Он был как и всегда: одет прекрасно. То же бледное холодное лицо, с большими темными глазами и волнистыми черными усиками, та же насмешливо-веселая улыбка на устах, та же простота и грациозность в ленивой походке и движениях, которые делали его типом du comme faut.

Ни тени беспокойства, ни тени думы на спокойном челе, как будто бы он приехал на именинный обед.

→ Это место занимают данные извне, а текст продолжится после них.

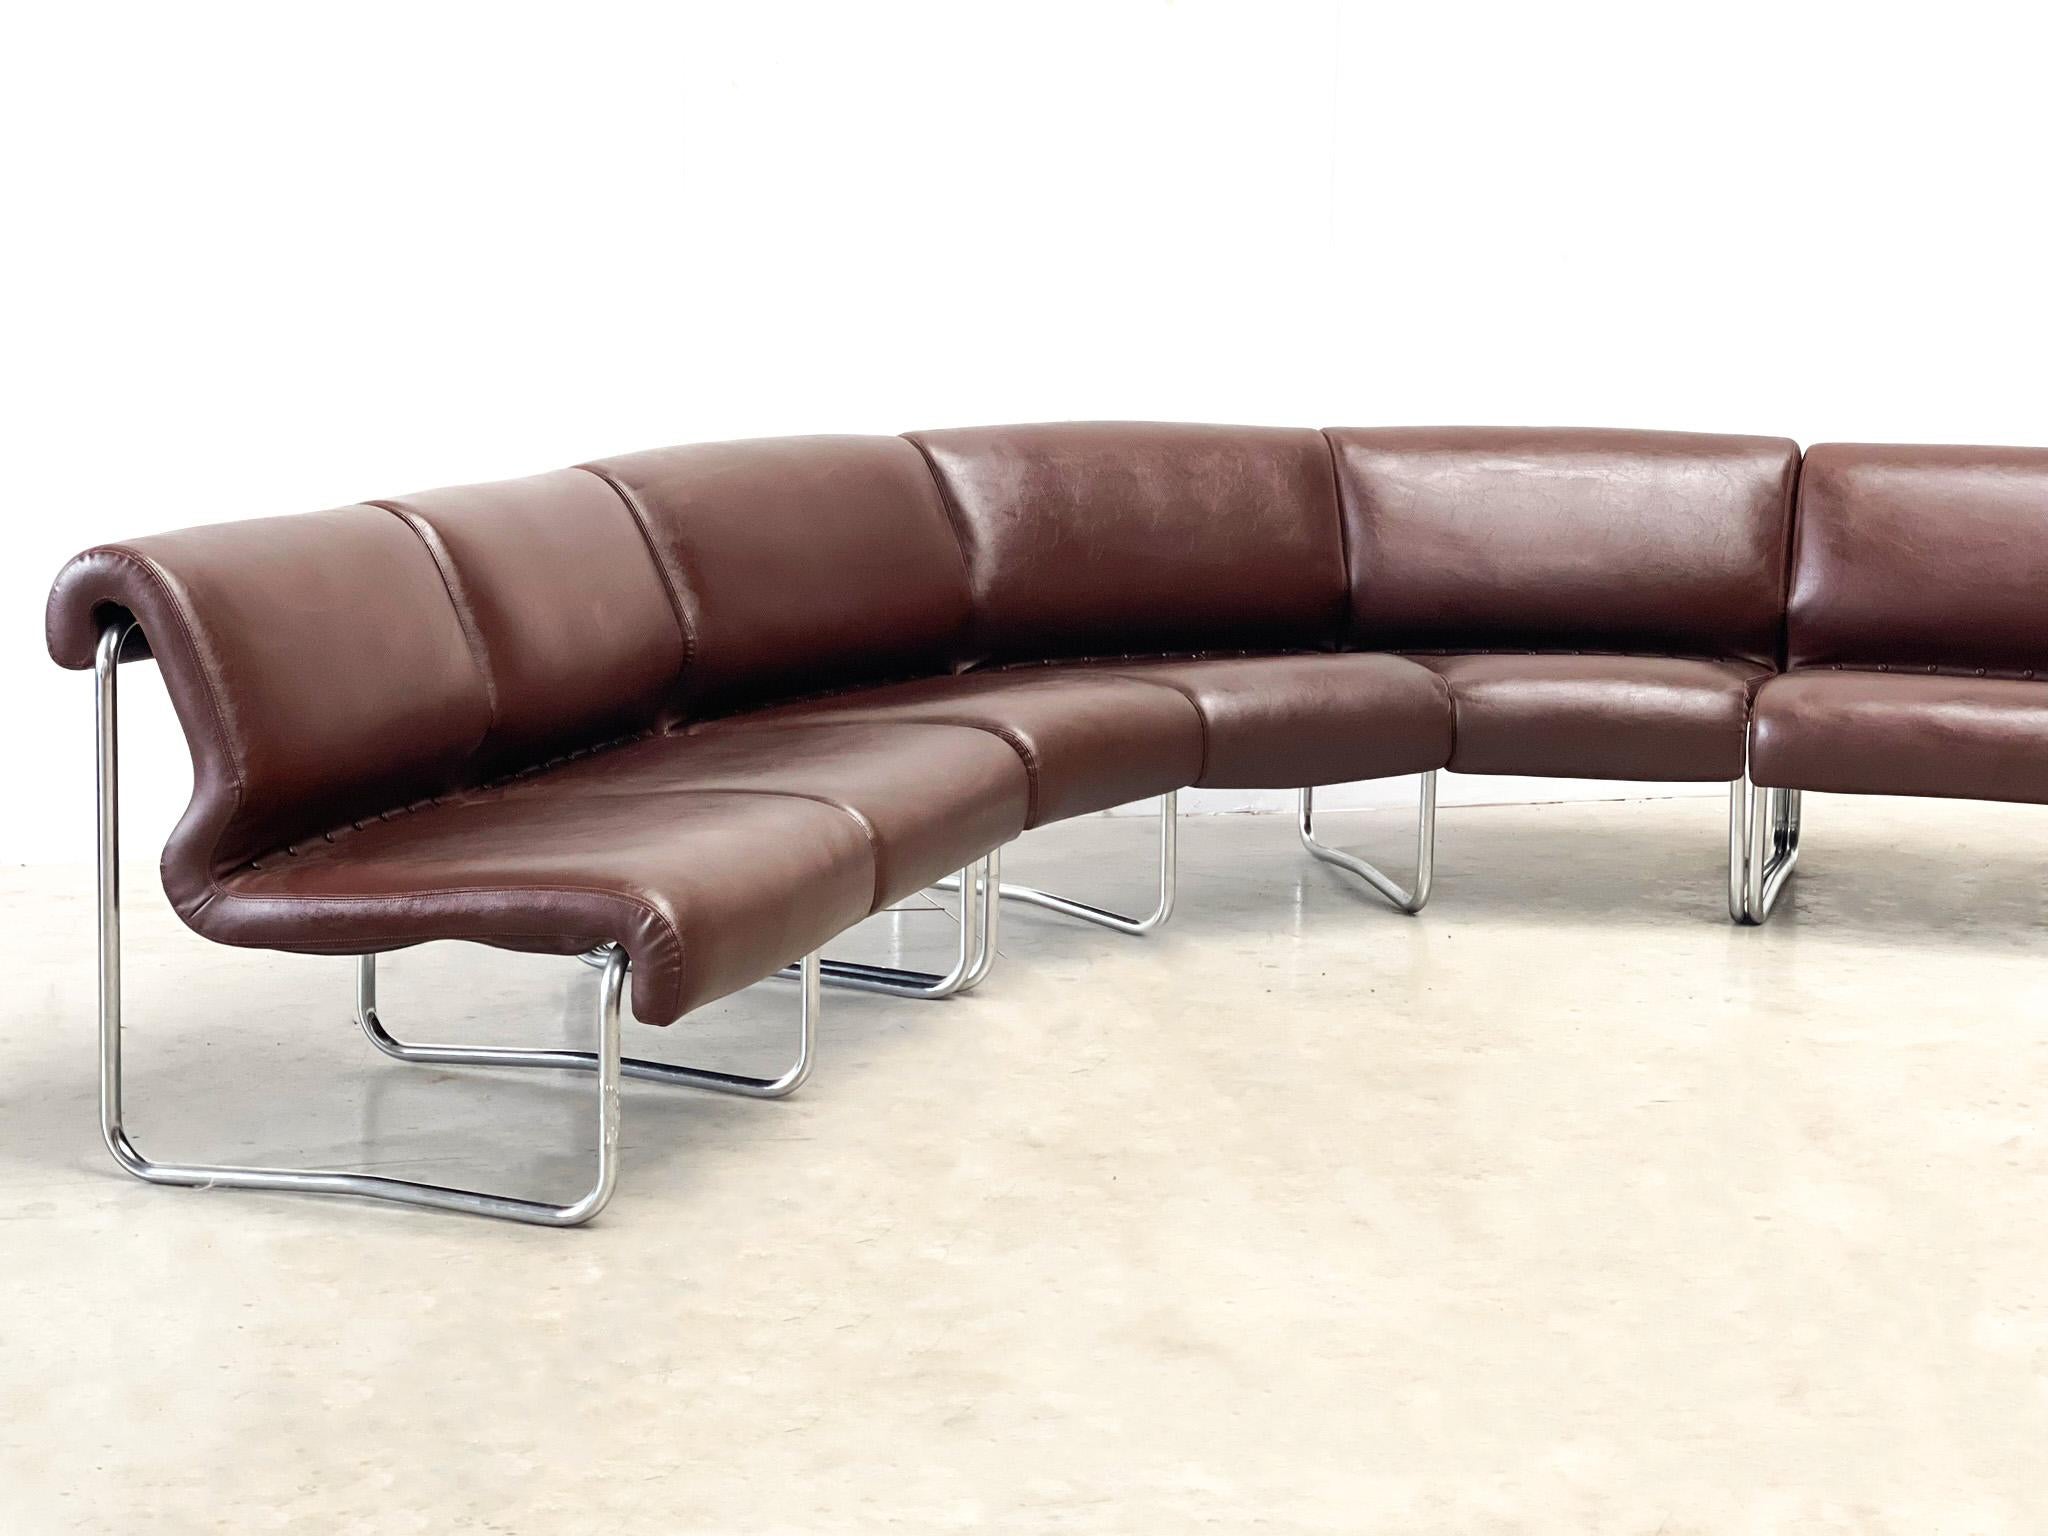 Eine modulare Sofagarnitur aus Eichenholz aus den 1970er Jahren mit einem erstaunlichen braunen Leder und  Metallrahmen
Das Sofa kann wie abgebildet oder in Abschnitten um den Raum herum konfiguriert werden. Er verfügt über einen 3-Sitzer, 2-Sitzer

Сергей Петрович поклонился Вареньке, сказал ей две-три пустые фразы и перешел в другую комнату, к Мавре Савишне. Мавра Савишна приподняла очки и ласково приветствовала Сергея Петровича. Потом он подсел к ней, спросил о здоровье, а она поблагодарила и спросила, началось ли у него жнитво, и зашел разговор о хозяйстве. Мавра Савишна входила во все подробности и тонкости его; Сергей Петрович отвечал общими местами, но так твердо и уверенно, как будто весь век просидел на запашке. Так прошло с четверть часа. И вдруг между фразой «60 снопов с десятины и умолот сам-сем» зазвучал виртовский рояль, и из другой комнаты послышалась песня Вареньки. Мавра Савишна не докончила фразы и опустила чулок: она не узнала голоса Вареньки! В нем была такая полнота звуков, такая сила, такой грустный и вырвавшийся из души плач, какого она никогда не слыхала. И странна показалась ей эта перемена в голосе дочери, безотчетно забилось сильнее обыкновенного ее любящее материнское сердце, и опустила она чулок, и не окончила фразы, и задумалась Мавра Савишна, слушая песню своей Вареньки. Заметил эту перемену и Сергей Петрович, но он не задумался, и сердце его не забилось сильнее обыкновенного. Он знал, что для него поется эта песня, и слушал ее с вниманием дилетанта, который после доброго обеда сидит очень комфортно в итальянской опере и знает, что для него поют и Виардо, и Рубини, потому что он заплатил за это 8 рублей серебром. Однако под конец и он как будто задумался: едва заметная морщина темной, отвесной чертой обрисовалась между бровей на бледном лбу; но это продолжалось недолго. Голос смолк, Тамарин встал, встряхнул светлыми кудрями и как будто этим движением сбросил темную думу. Веселый и спокойный, он подошел к Вареньке.